She had expected the news Monday but it didn’t come and the waiting went on until Eileen Durgin-Clinchard turned on her television Friday morning.
Love had won.
It was bittersweet, said the 84-year-old activist. The first president of Parents and Friends of Lesbians and Gays in Lincoln. The proud ACLU member. The great-grandmother. Mother of Calvin and Dan and LauraLee and Marvin Knight Chase, her firstborn.
The smart boy they nicknamed KC. The young man who served in the Army.
Her gay son who died in 1999.
On Tuesday, KC’s macaw, Big Boy, squawked from the front porch as Eileen talked in her book-lined living room. Her rainbow flag rolled up neatly next to the American flag, just outside the door. A basket of yarn in the corner, iPad in her hand.
She wears her hair short, her eyes sharp behind owl-eyed glasses. She’d been to physical therapy in the morning, six weeks now with her new left knee. It’s nothing compared to her two new hips, she said.

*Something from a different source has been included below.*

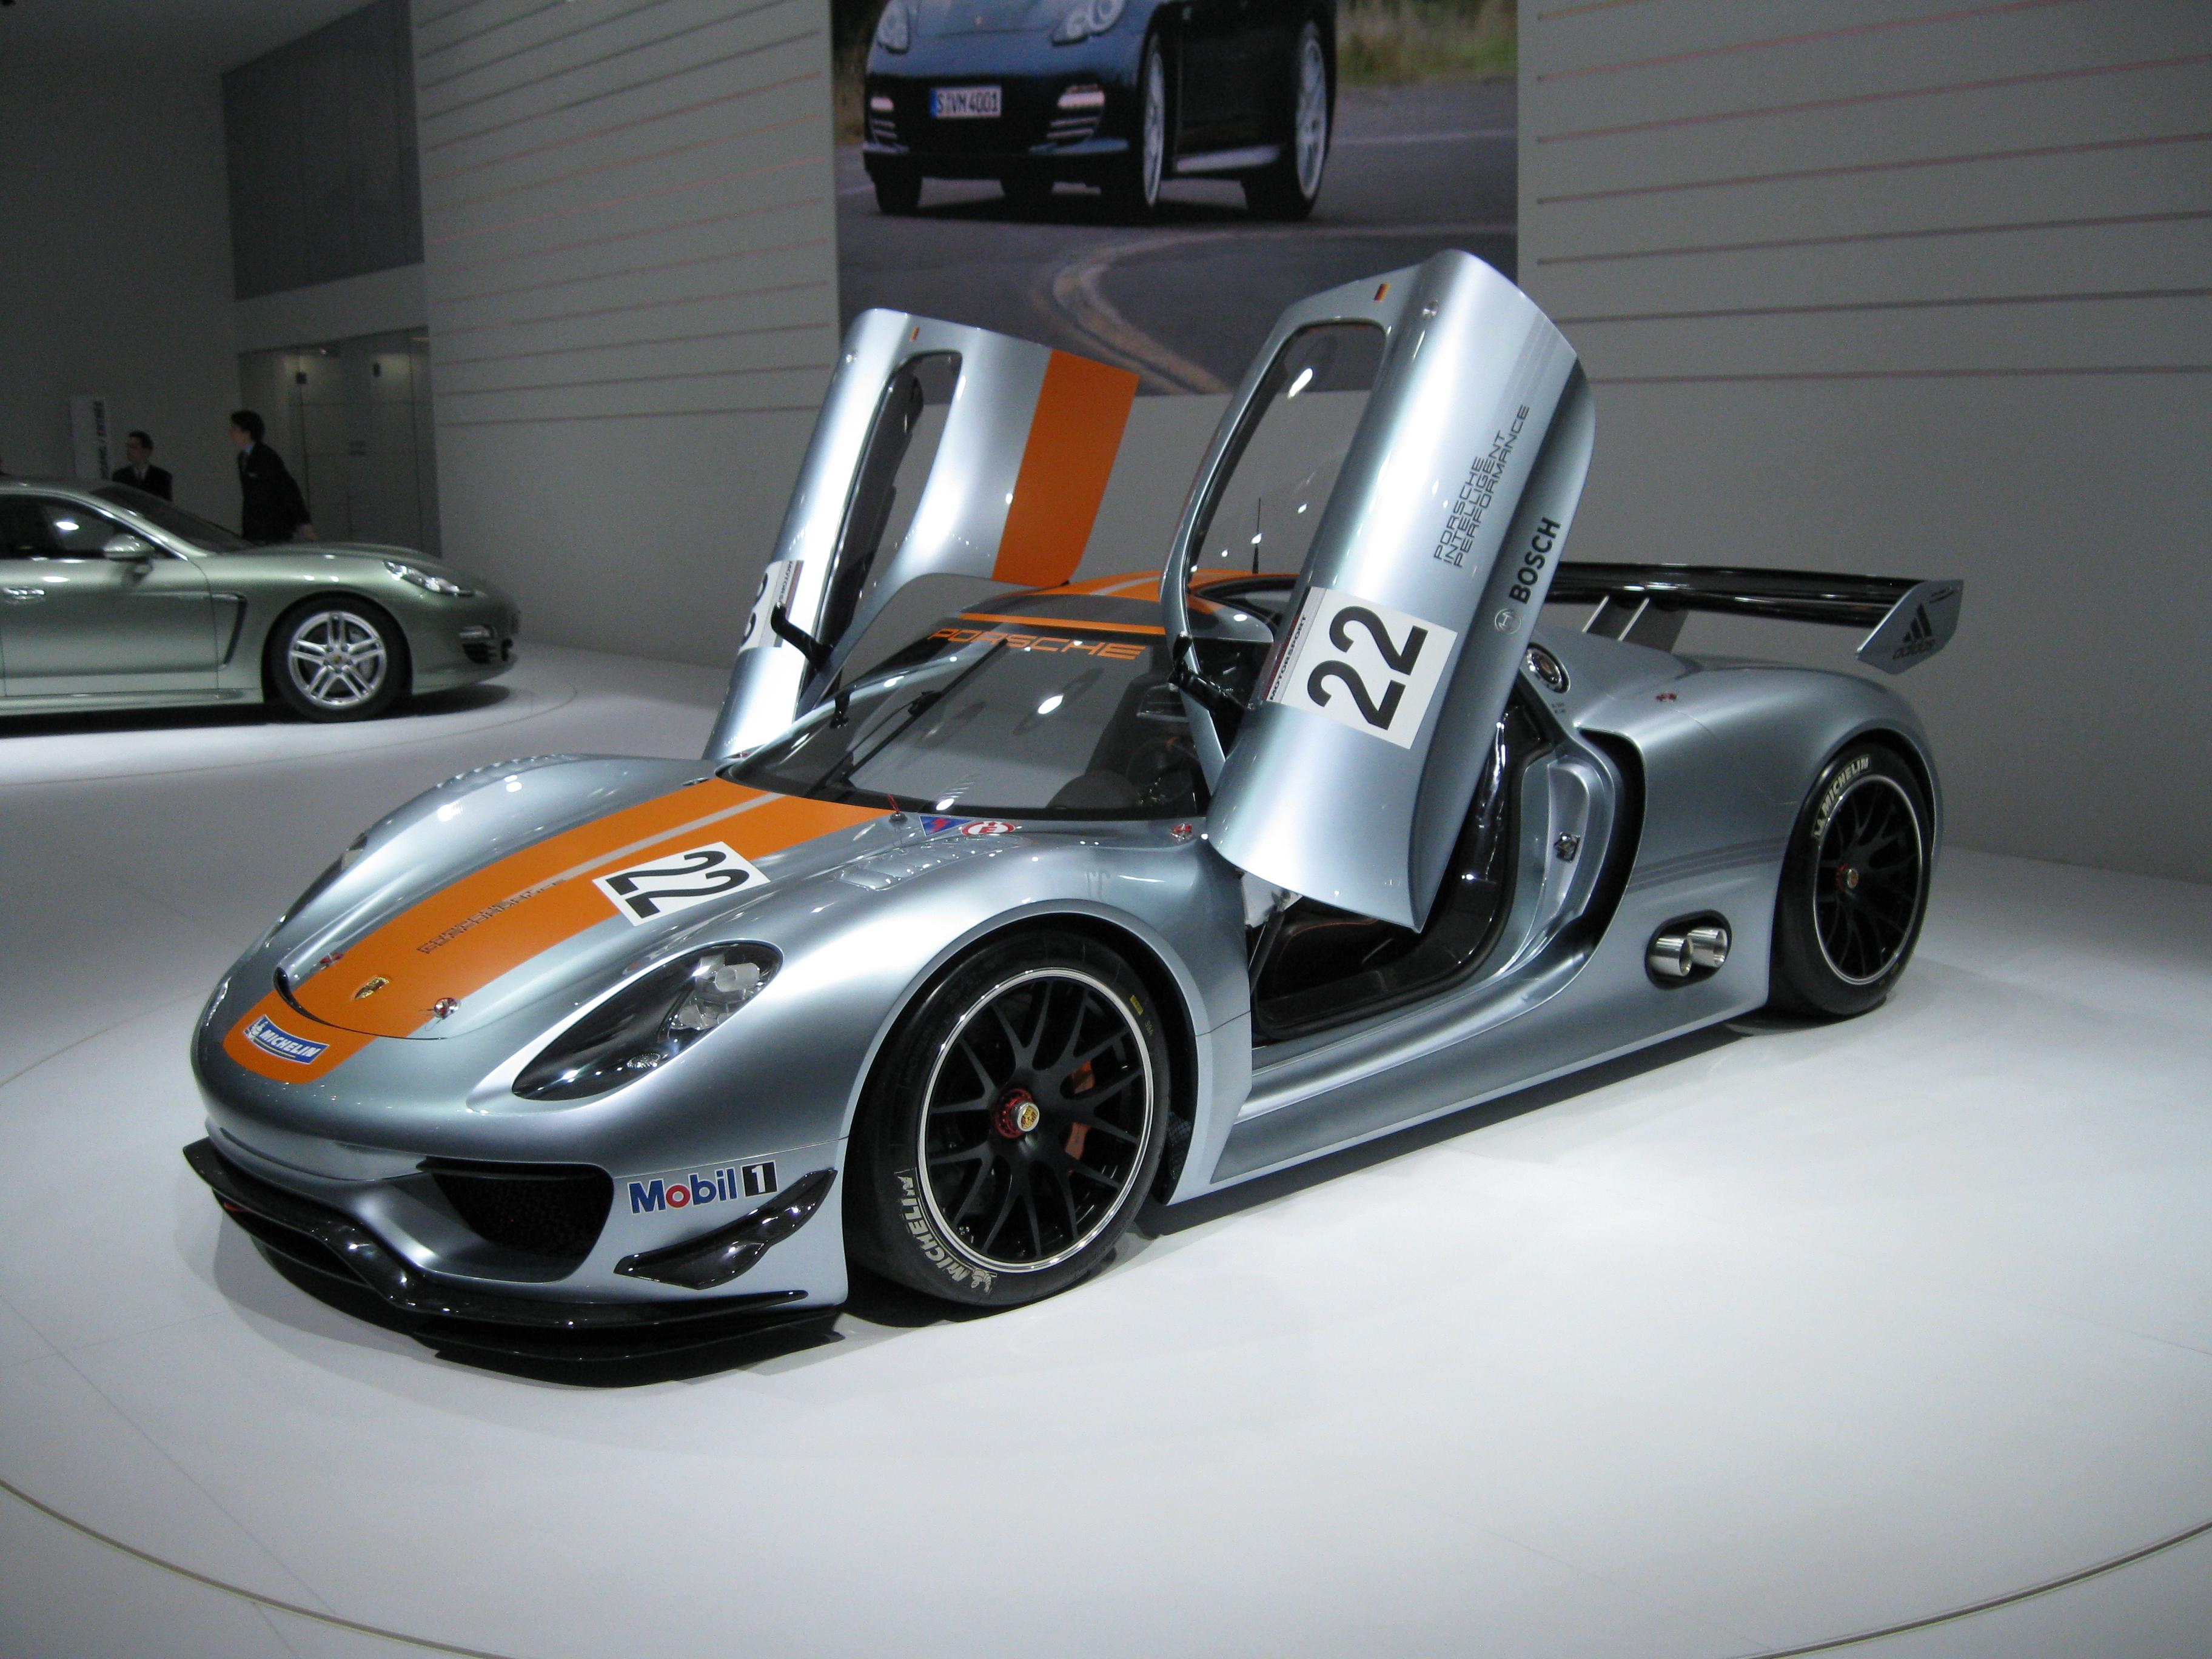 Rsr Race Car Reproductions

The day the Supreme Court ruled in favor of marriage equality was happy and sad. She wanted to be with people, she wanted to celebrate, and she did, on the steps of the Capitol in Lincoln later that day.
But it took her back.
KC and his partner, James "JC" Lambert, were together 14 years. KC the practical, get-things-done guy. JC the funny and flamboyant dreamer.
Their ashes are mingled in the earth under a willow tree in New Mexico.
The mother showed off photos, two men in big beards and aviator sunglasses, full of joy.
JC wasn’t her son-in-law, Eileen said. “He was my son-in-love.”
She was in Washington, D.C., in the summer of 1992 when KC called from Oakland, where the pair shared a home.
Time to come, Mom.
Years earlier, he and JC had both tested HIV positive and now JC’s fight was ending.
Eileen spent the week with them. She was there when JC died, she was there when the death certificate came.
The line for a spouse’s name was blank.
She called the clerk’s office in Sacramento.
It’s wrong, she said. He’s his spouse. They were together 14 years. They took each other’s names. KC Chase-Lambert and JC Chase-Lambert.
The man was kind.
“He was very patient with me,” she said. “But he was firm. They weren’t married.”
Well, of course they weren’t married. She knew that. But yet they were in their hearts.
She has it somewhere in this big house. The engraved card, like an invitation, declaring their commitment on the anniversary of their first 10 years together. In celebration of 10 years of loving companionship.
“They did everything that was legally possible, but it wasn’t enough.”
After JC died, KC sewed a quilt out of his partner's T-shirts and blue jeans -- 14 pair, one for each year. He took it to D.C. for the national AIDS march, Eileen came and KC's brother Dan.
Eventually, KC came back to Lincoln. He rented the apartment in the upstairs of his mother’s home. He felt good.
In the end, AIDS didn’t take him. He lost strength and doctors discovered he'd had two silent heart attacks. KC was 50 when his heart gave out, Friday, Oct. 1, 1999.
I’d sat in Eileen’s living room as she planned her son’s funeral four days later. I'd written a column.
Nearly 16 years later, her tears are still close. The pain of losing a child in her voice.
We sat and talked about last Friday and the Supreme Court’s decision. How she'd texted her daughter, and her son and celebrated with friends and strangers at the rally. How she'd thought about two men, hoping, believing, the spirit of that historic day reached them.
She talked about the past and all her work. The 24-hour AIDS Hotline in her home. “It rang and rang.”
About the articles she wrote on sexuality and civil rights, the educational books PFLAG helped place in 68 Nebraska libraries, the parents who came to meetings, holding their hands as they made baby steps into the open.
The work she continues to do as a board member of the ACLU.
She talked about the silence and fear and the changes.
“There is much more freedom to talk about it. Then it was such a secret, and if you can’t talk about it, well, it must be really bad.”
She remembered saying the words for the first time -- my oldest son is gay, your grandson is gay -- and having it be OK.
I asked if she ever thought about retreating from the cause after KC died.
She shook her head. She told a story.
KC had been an alcoholic and to make it easier for him to stop drinking JC gave up alcohol, even though it wasn’t a problem for him.
After JC’s death, Eileen worried about her son, that maybe he would go back to the bottle, looking for solace.
She got up the nerve to ask and he looked at her in wonderment.
“How could I?” he asked. “How could I do that to him?
So, no, answered the mother who’d celebrated marriage for all last week with a hole in her heart.
“It was the same way with me. There was never a question of quitting.”